Lately, I am experiencing some issues where some commands sent from Home Assistant (via an automation script for example) are not being received by SmartThings for all devices. For example, when I trigger my “night mode” script, which turns off most of the house’s lights, some of the lights included in the script won’t turn off. In the HA interface, it will show them as off, even though the lights are still on. If I toggle the switch in HA to on, then off, the lights turn off fine.

When this occurs, if I look at the light in SmartThings, it still shows as on. So either HA isn’t actually sending the MQTT command, or SmartThings isn’t receiving it. The thing is, it doesn’t happen all the time, but it is semi-consistent with the devices it does happen with. For example, 80% of the time it’s my kitchen pendants that “stick” and don’t turn off when they’re supposed to. Last night, though, those turned off…but the main kitchen can lights didn’t turn off, along with another light in the family room.

This inconsistency is making it hard for me to troubleshoot. It’s almost like there’s congestion and it’s causing messages to drop. Does anyone have any tips on how I can figure out why this is happening, and what I can do about it?

you could use MQTTfx (a MQTT tool) and subscribe to the topics addressed with your SmartThings bridge.
If you can see MQTT messages for your lights that stay on, the issue is with the bridge. Otherwise HA has problems.
Next thing to try is QoS parameter with value 1 or 2 in the MQTT device settings. This ensures message delivery on a MQTT protocol level. It might help.

I used MQTT lens to watch the traffic. The MQTT commands were definitely being sent. And, since the lights would sometimes respond, I know the configuration of the commands themselves is correct.

So I’ve started adding the QoS parameter to my MQTT devices and it seems to be helping. Thanks for the tip!

Well, that may have been a fluke. I’m still getting missed command issues. The commands themselves ARE getting published on the correct MQTT topics, but when they’re done in a large group it’s like some of them get dropped (and it’s always the same ones) – even though I’ve now put qos parameter on those particular devices.

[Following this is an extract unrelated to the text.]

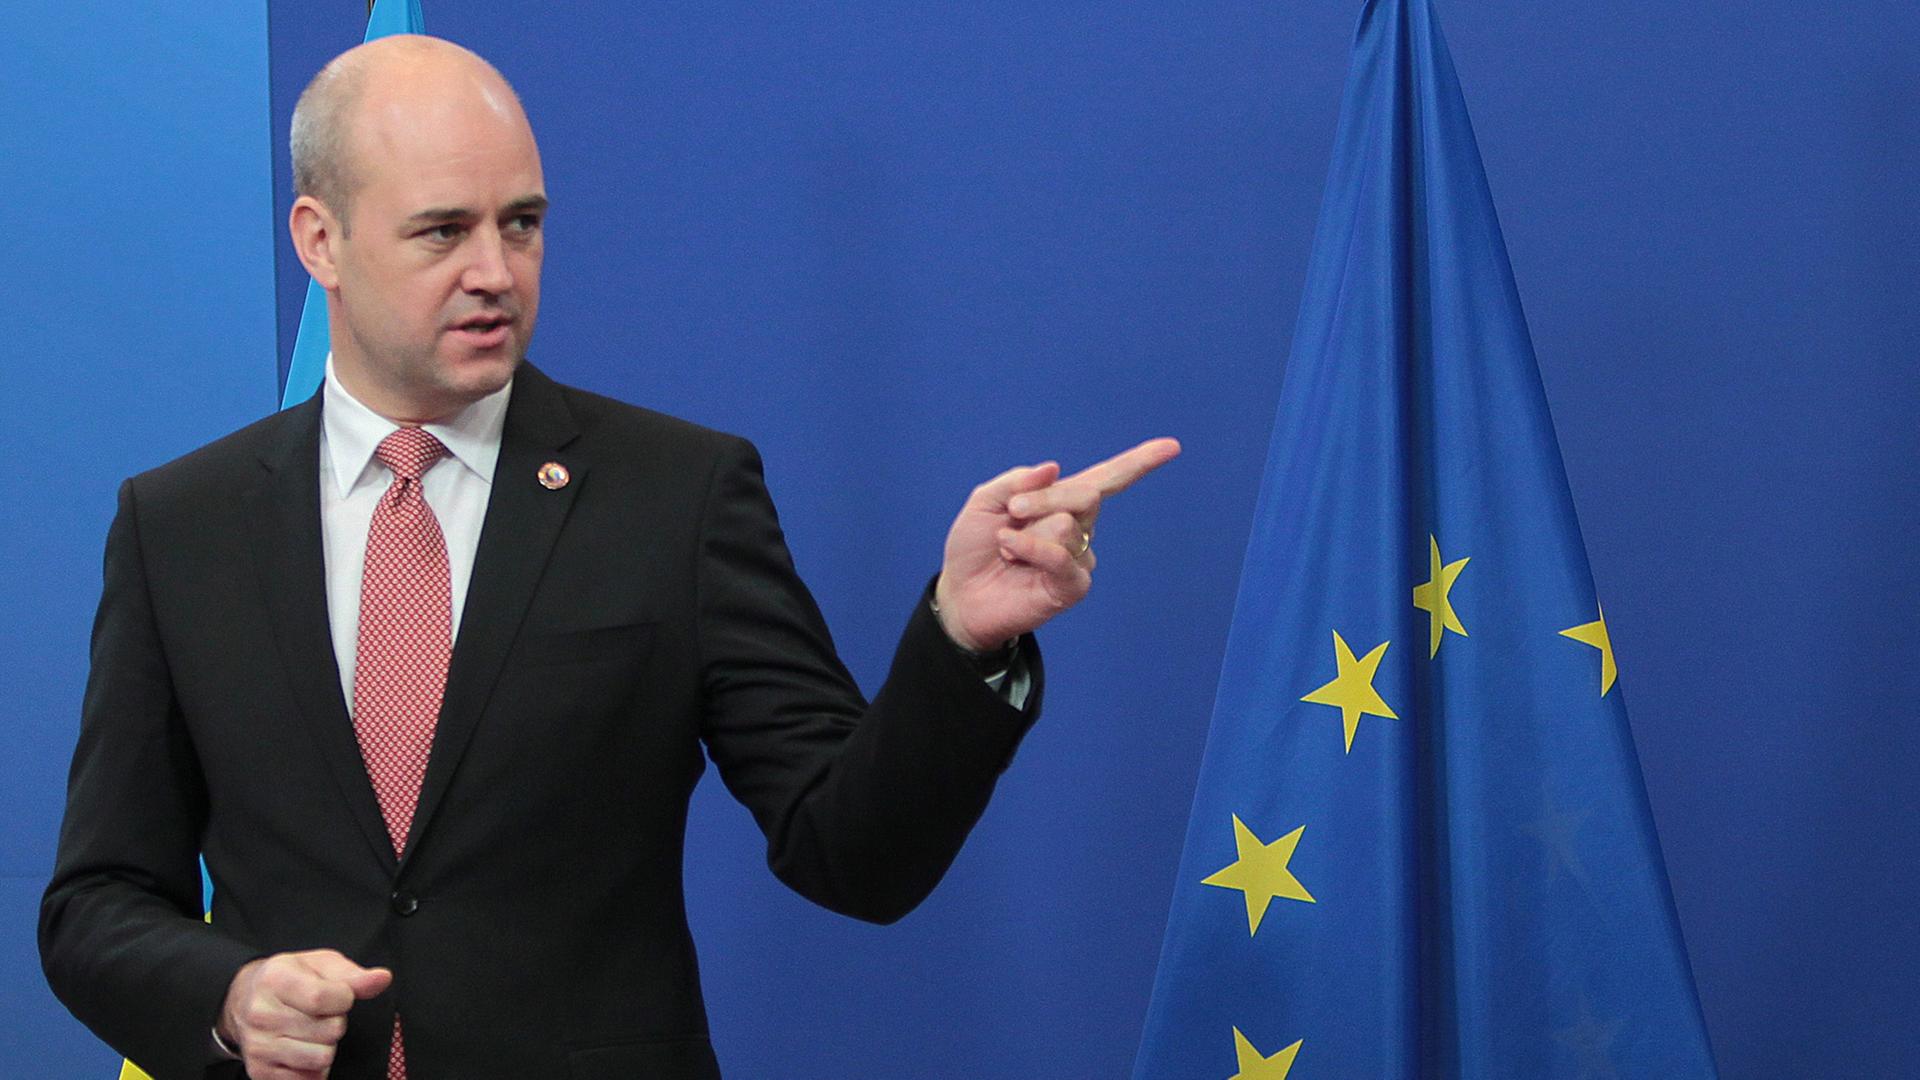 Schwedens Ministerpräsident Fredrik Reinfeldt, im Hintergrund eine Euro-Fahne
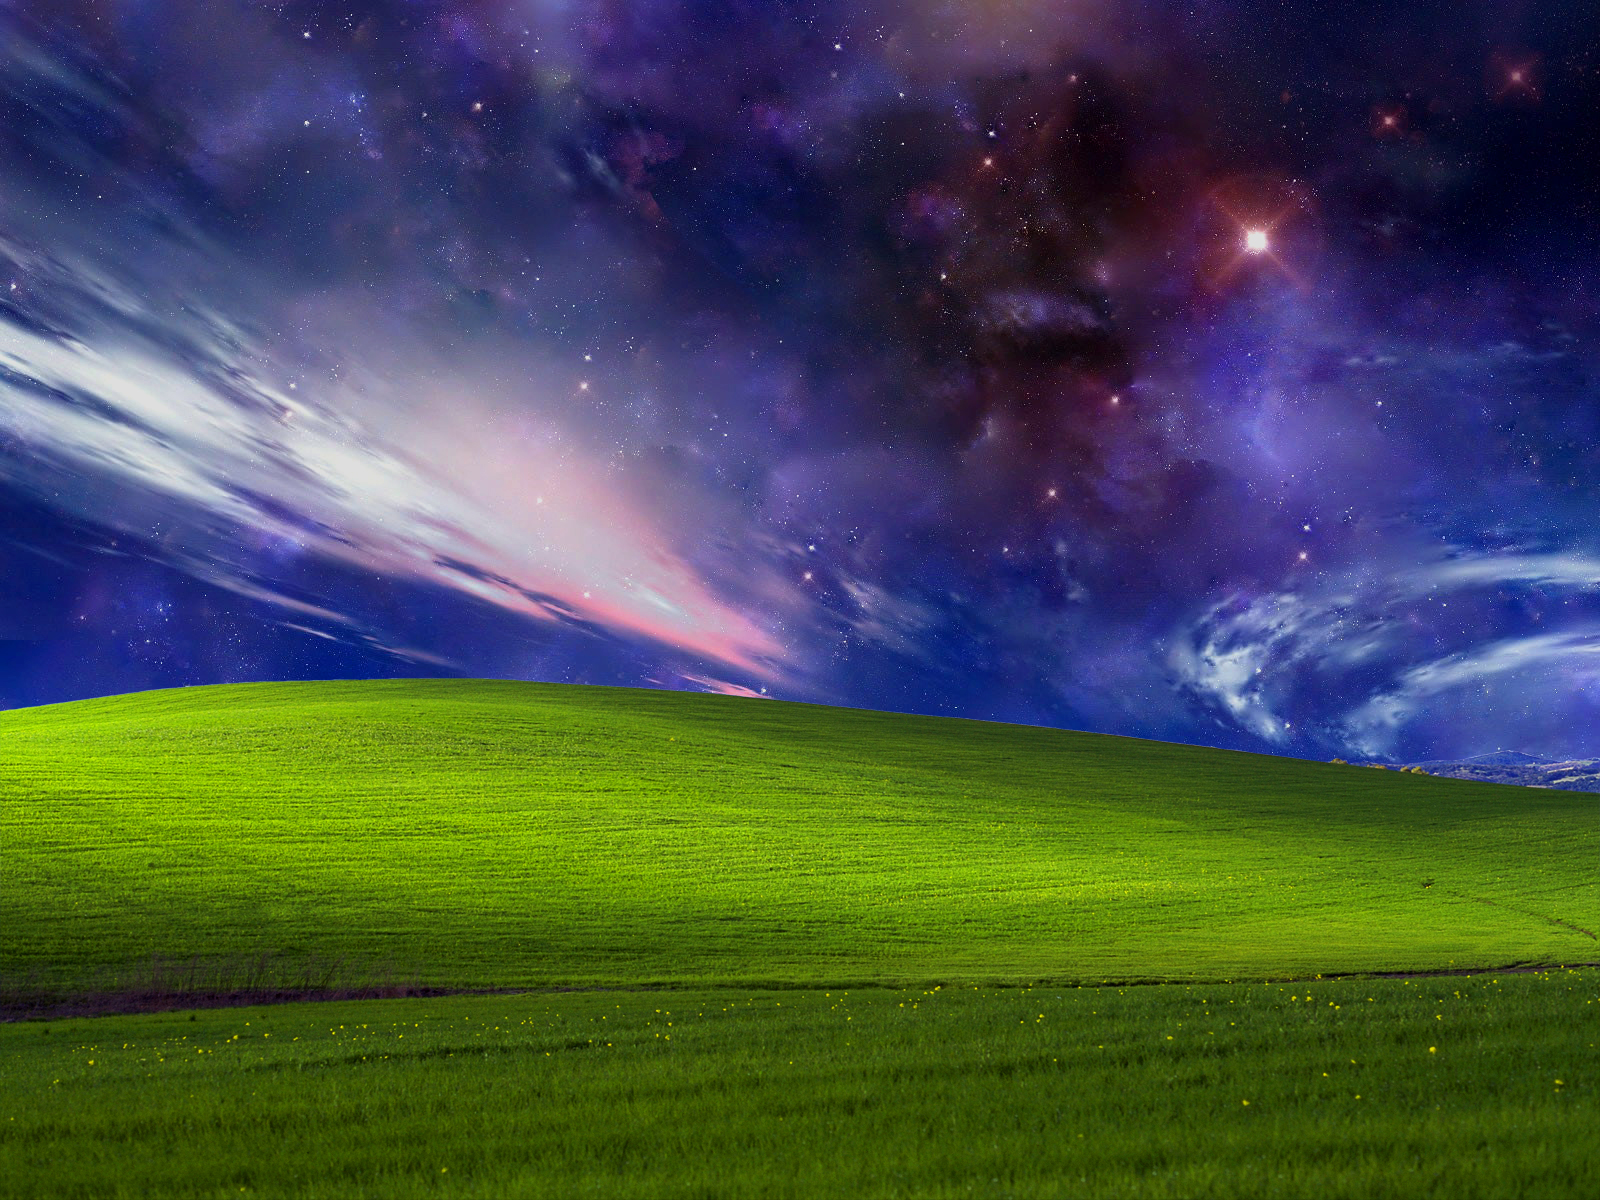 Hình nền Windows Thiên Hà: Bạn muốn một màn hình đẹp và nổi bật? Hãy trang trí nó với Hình nền Windows Thiên Hà! Được thiết kế đặc biệt cho hệ điều hành Windows, những hình ảnh sống động và lung linh sẽ giúp bạn tạo nên một không gian làm việc tràn đầy năng lượng. Tải ngay để trải nghiệm thôi nào!

They always work reliably when I issue one-off commands, but when the commands are issued in large groups (e.g. in a script that hits many lights at once), it fails. I’m thinking I might have to build some hacks into my script that re-issue commands for lights that tend to miss them the first time. Definitely not desirable but I don’t know what else to do.

Does anyone have any ideas on what I can do here? My network continues to deteriorate…the missed commands are getting worse and worse. Instead of just one light not turning off when I issue a group command, now half of them are sometimes ignored. Then I have to go through and turn them all on/off one at a time.

I’ve added qos=2 to a lot of my affected light devices, but it doesn’t seem to be having any effect. I do see the MQTT commands when I watch the topics with MQTT Lens, so it seems that HA is sending all the commands.

Do an image back up of your system.

Deleted all the HASS auto generated files including the HASS database. Restart HASS twice.

I’m not sure how the smartthing hub works but you may need to run a detection again.

If it doesn’t work, revert the system from the image.

I am still struggling with this. What I’ve observed from looking at the various logs:

  1. The MQTT commands are getting sent from HA. That is never an issue. I can see them consistently in MQTT Lens.
  2. I see all the commands I expect to see in the “MQTT” section of the logs on SmartThings.
  3. I do not see all the commands I expect to see in the “MQTT Bridge” section of SmartThings.

To expand on items #2 and #3, here are some screenshots. Pay attention to the “Kitchen Island Pendants”, for example…that’s one that I always have trouble with. Prior to capturing these screenshots, I ran a script that sent commands to turn off 8 or so lights…only a few of them actually turned off.

Here, you can see the MQTT app reporting that it received a device event from the bridge (these all correspond to the commands sent from my HA script):

However, in the logs for the bridge around the same time (12:53:59), you don’t see the “Kitchen Island Pendants”:

In fact, you only see the Bookshelf Lights and Family Room Lamp, which are the only devices that actually turned off, of the 8 or so I commanded to turn off. None of the others from that first screenshot turned off.

Coincidence? I think not. However, I don’t know what it means. How could the MQTT app be reporting that it is receiving a command from the bridge when the command doesn’t appear in the bridge’s logs?

Additionally, you can see that if I send a command from HA for only that device, it shows as expected in the logs (and the light actually turns off):

Any ideas?

Paging @stjohn …could you please help?